Provided information:
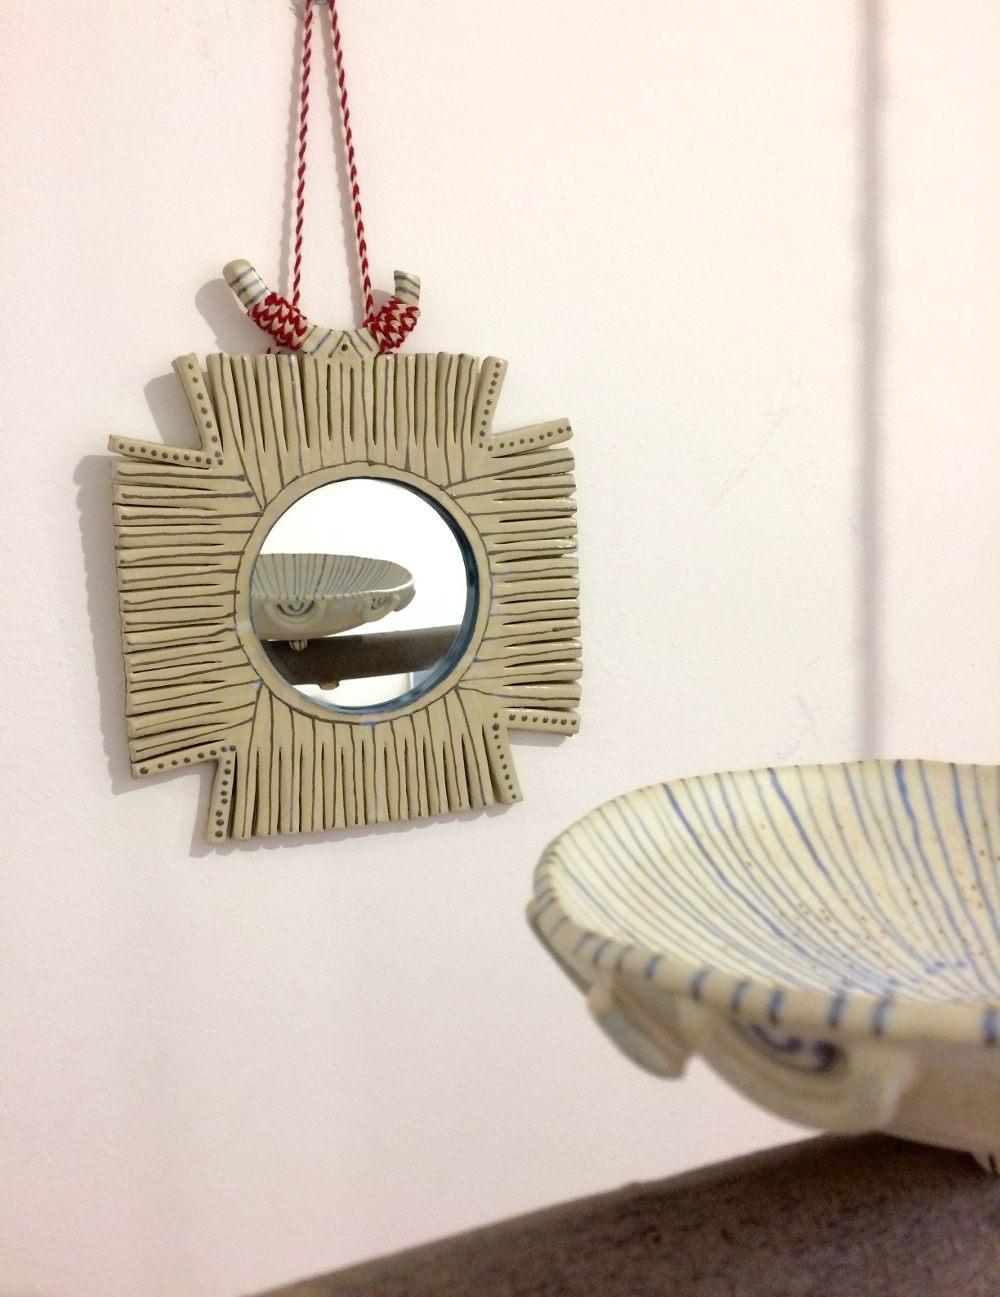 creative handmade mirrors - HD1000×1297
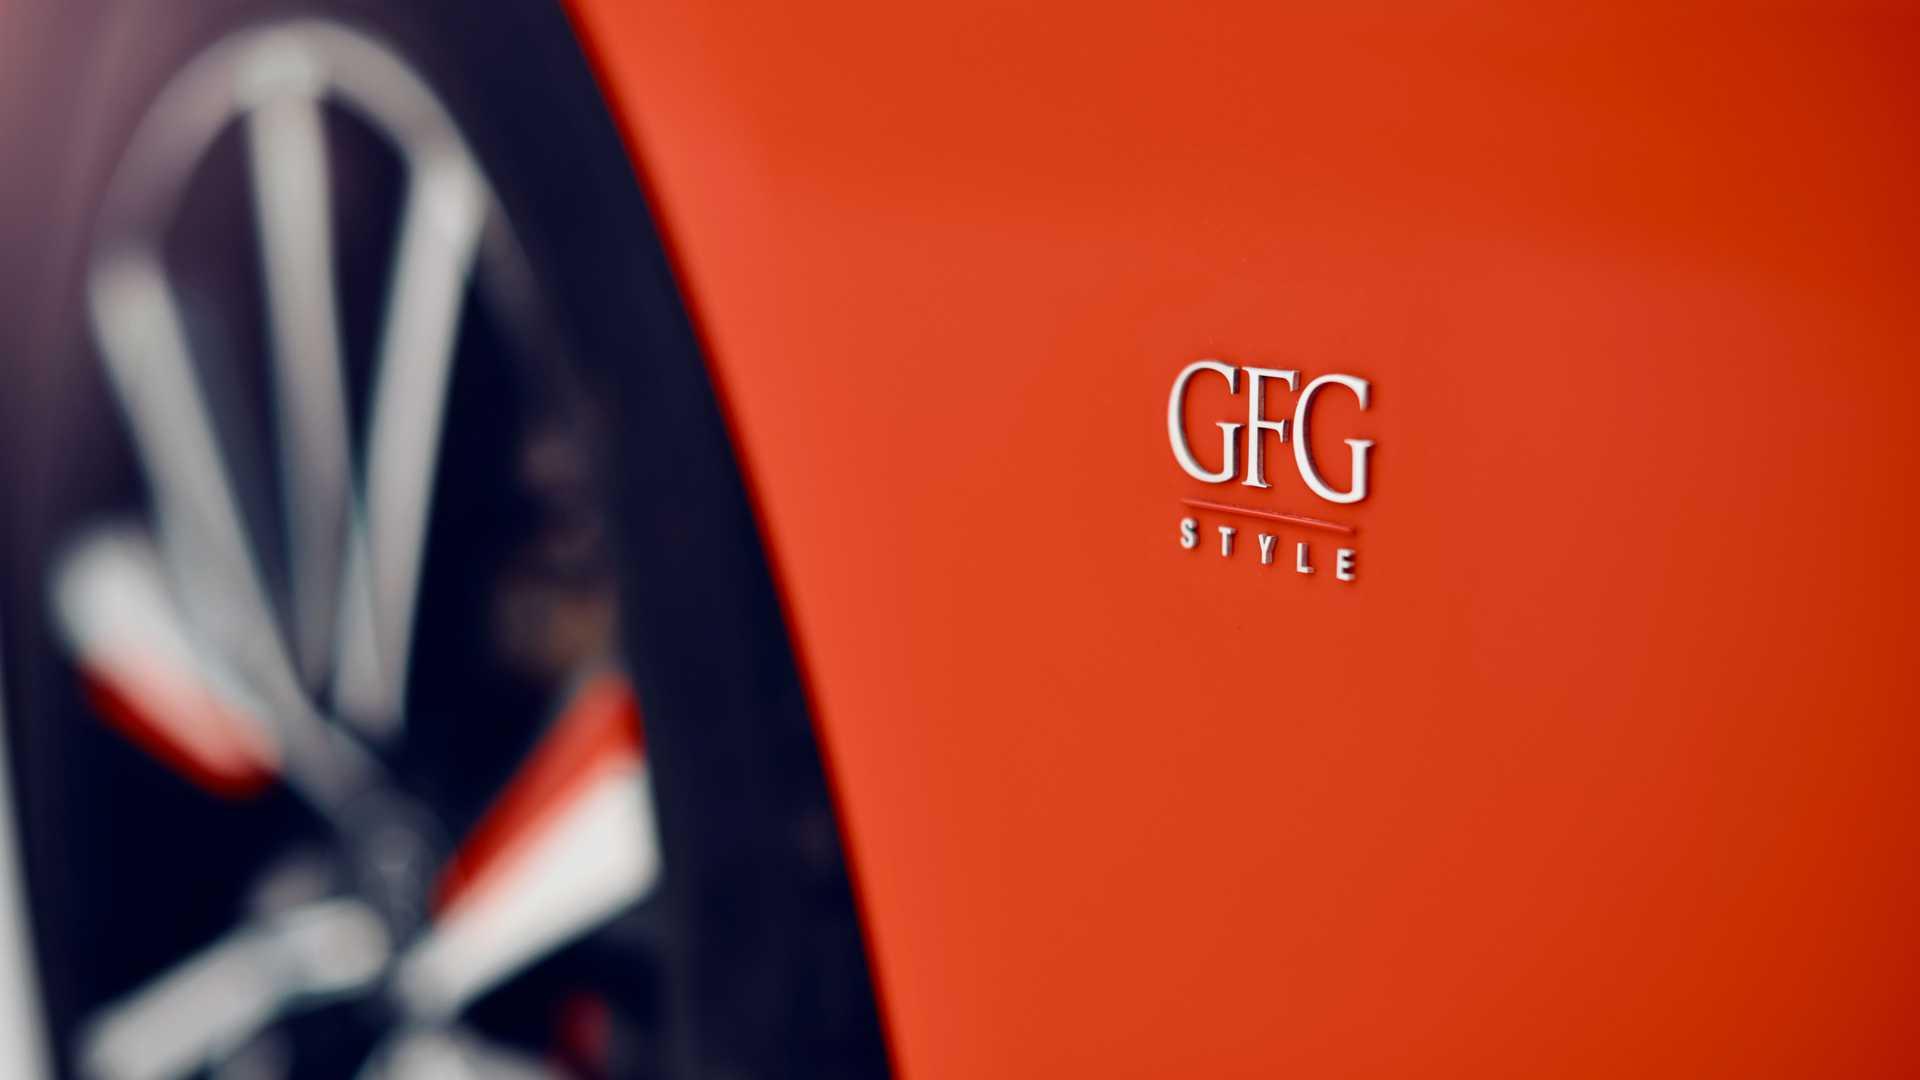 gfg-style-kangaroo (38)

==

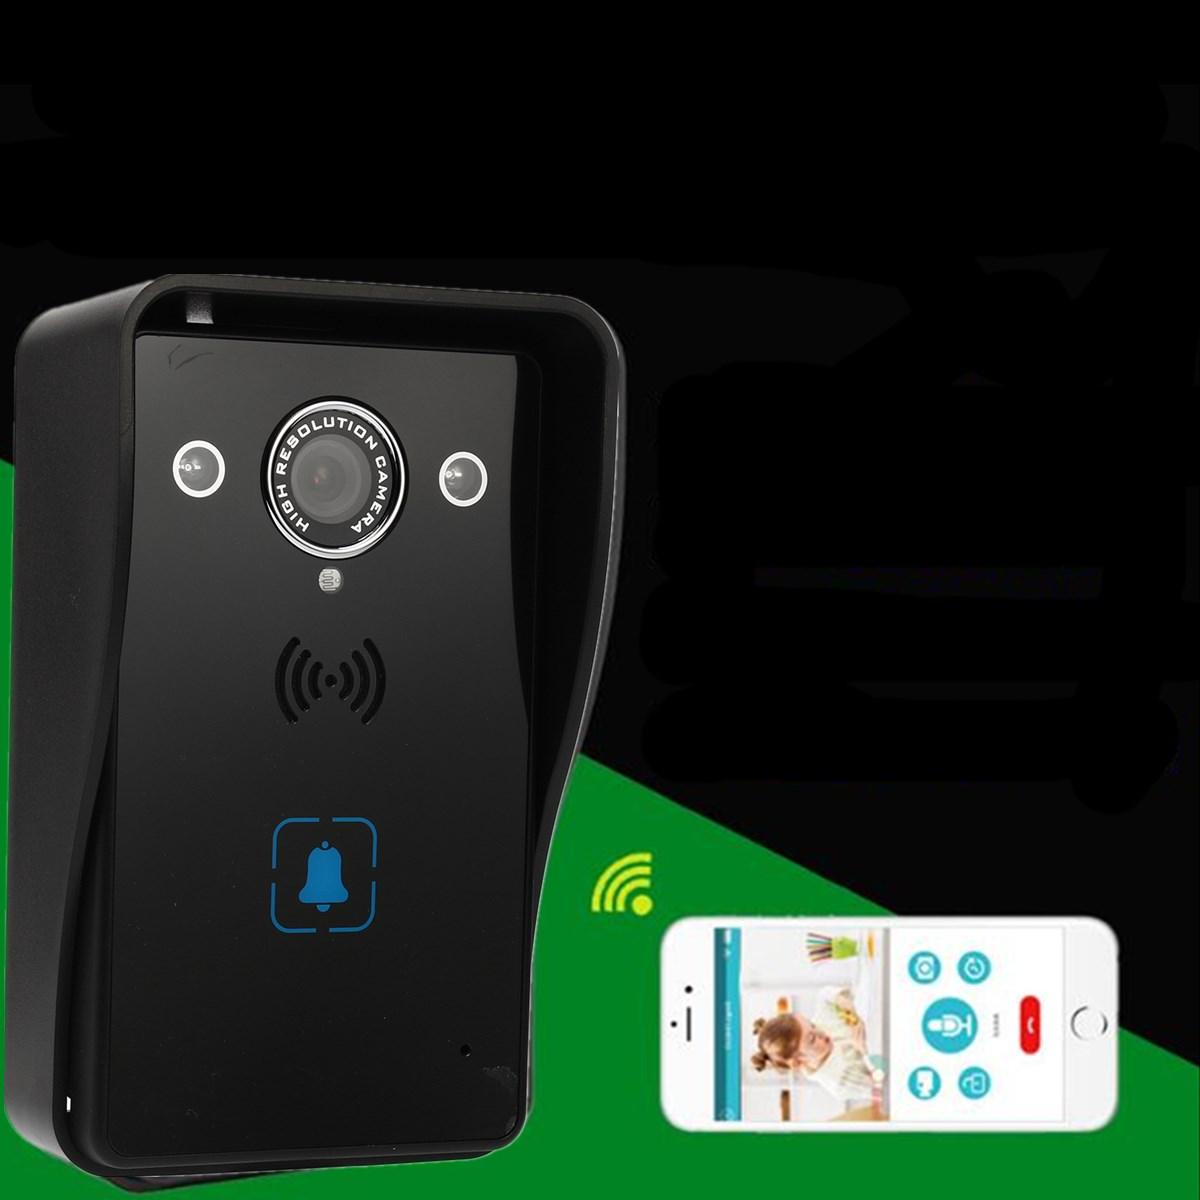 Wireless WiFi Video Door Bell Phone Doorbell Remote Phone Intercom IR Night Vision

---

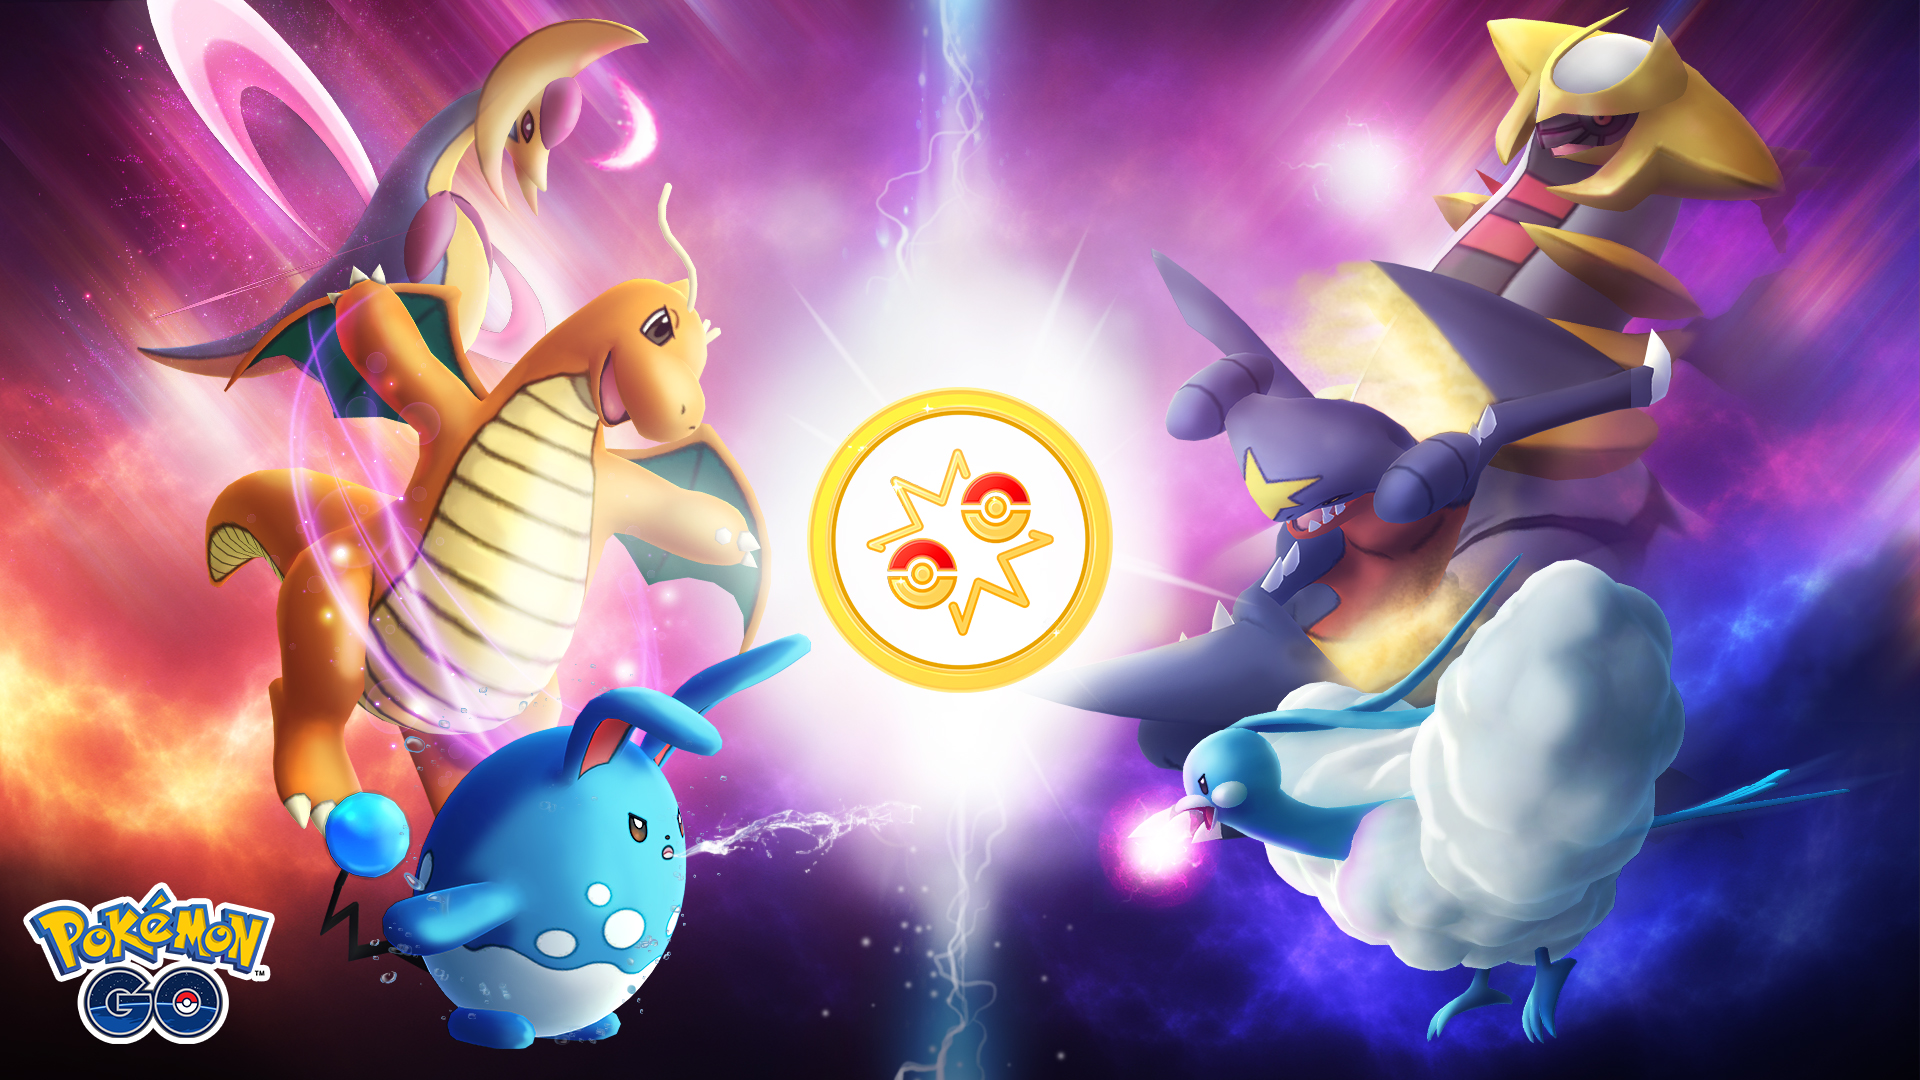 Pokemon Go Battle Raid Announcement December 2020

To do: Copy only the lines above from the one containing "creative handmade mirrors - HD1000×1297" through the one containing "gfg-style-kangaroo (38)", both included. Leave out the pictures.

Reply to the task:
 creative handmade mirrors - HD1000×1297
 gfg-style-kangaroo (38)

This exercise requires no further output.